Bug #72892 Please allow multiple ranges in the LIMIT clause
Submitted: 5 Jun 2014 16:27 Modified: 9 Jun 2014 9:39
Reporter: Roland Bouman Email Updates:
Status: Verified Impact on me:
None 
Category:MySQL Server: Optimizer Severity:S3 (Non-critical)
Version: OS:Any
Assigned to: CPU Architecture:Any

[5 Jun 2014 16:27] Roland Bouman
Description:
This is about statistical sampling. A specific case is quantiles (like percentiles, quartiles etc). 

Suppose we want to 1st quartile, 2nd quartile and 3rd quartile.
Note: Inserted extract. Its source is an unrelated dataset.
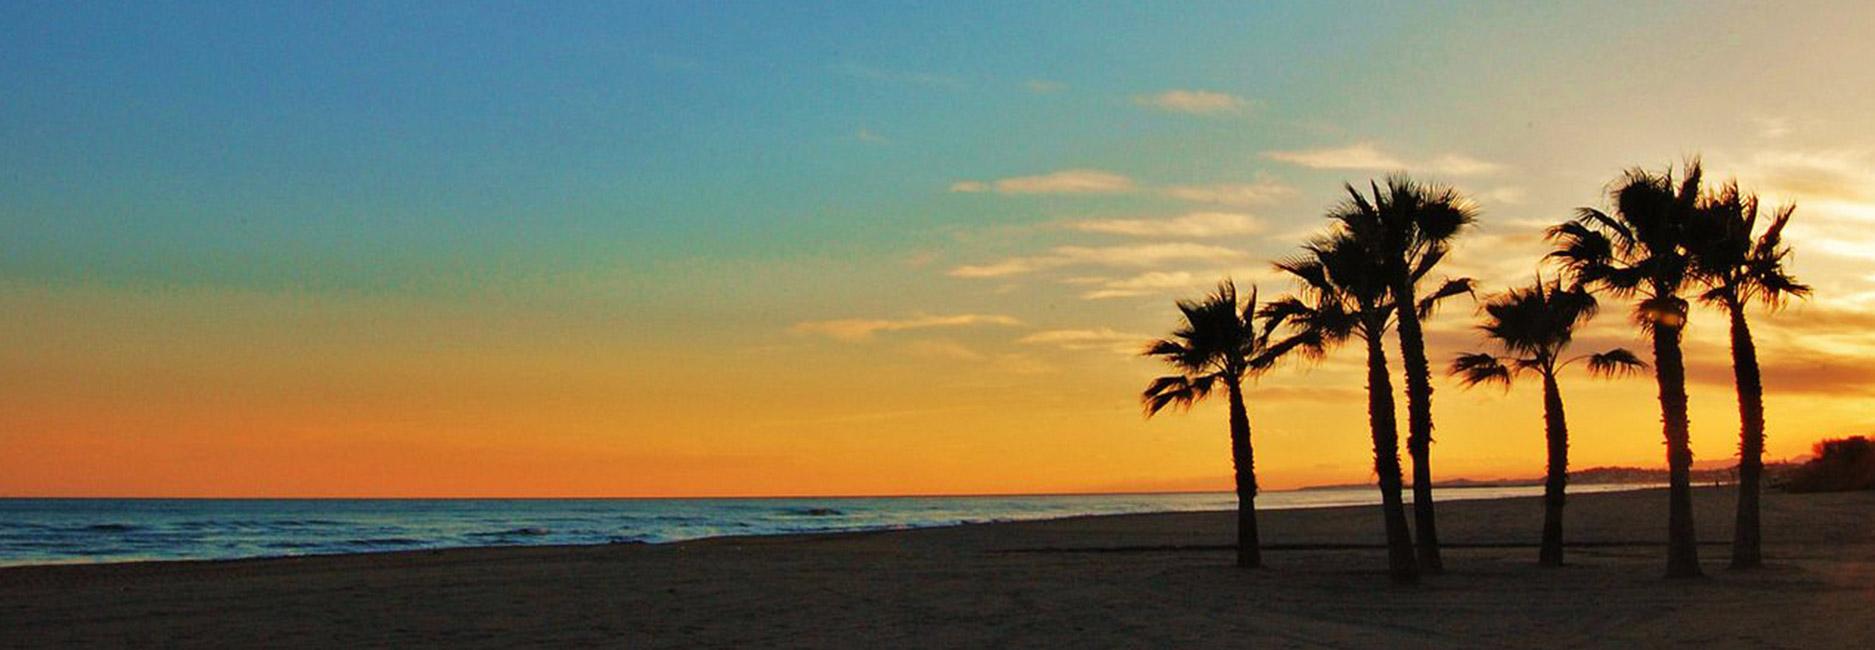 calaf_playa

This is a special case of sampling where the sample values are 25% of the observations apart. 

We can do this by first calculating the COUNT, divide that by 4 (number of quantiles) and then do:

(SELECT amount FROM payment ORDER BY amount LIMIT 4012, 1)
UNION ALL
(SELECT amount FROM payment ORDER BY amount LIMIT 8024, 1)
UNION ALL
(SELECT amount FROM payment ORDER BY amount LIMIT 12036, 1)

Unfortunately, MySQL will have to perform the expansive ORDER multiple times.
I propose syntax like this:

SELECT amount 
FROM payment 
ORDER BY amount 
LIMIT (4012, 1), (8024, 1), (12036, 1)

Alternatively, this could be solved in the optimizer by analyzing the query and deducing that only one table scan (and ORDER BY) is required.

How to repeat:
See description

Suggested fix:
Please implement option to specify multiple ranges for LIMIT, or make the optimizer smarter so it doesn't perform the scan (and ORDER BY) multiple times
[5 Jun 2014 16:43] Roland Bouman
For many sampling purposes a STEP clause to the LIMIT clause (so as to repeatedly walk through a window of rows before selecting them) would work too, but the enumeration is more powerful since it is more specific.
[9 Jun 2014 9:39] MySQL Verification Team
Hello Roland,

Thank you for the feature request!

Thanks,
Umesh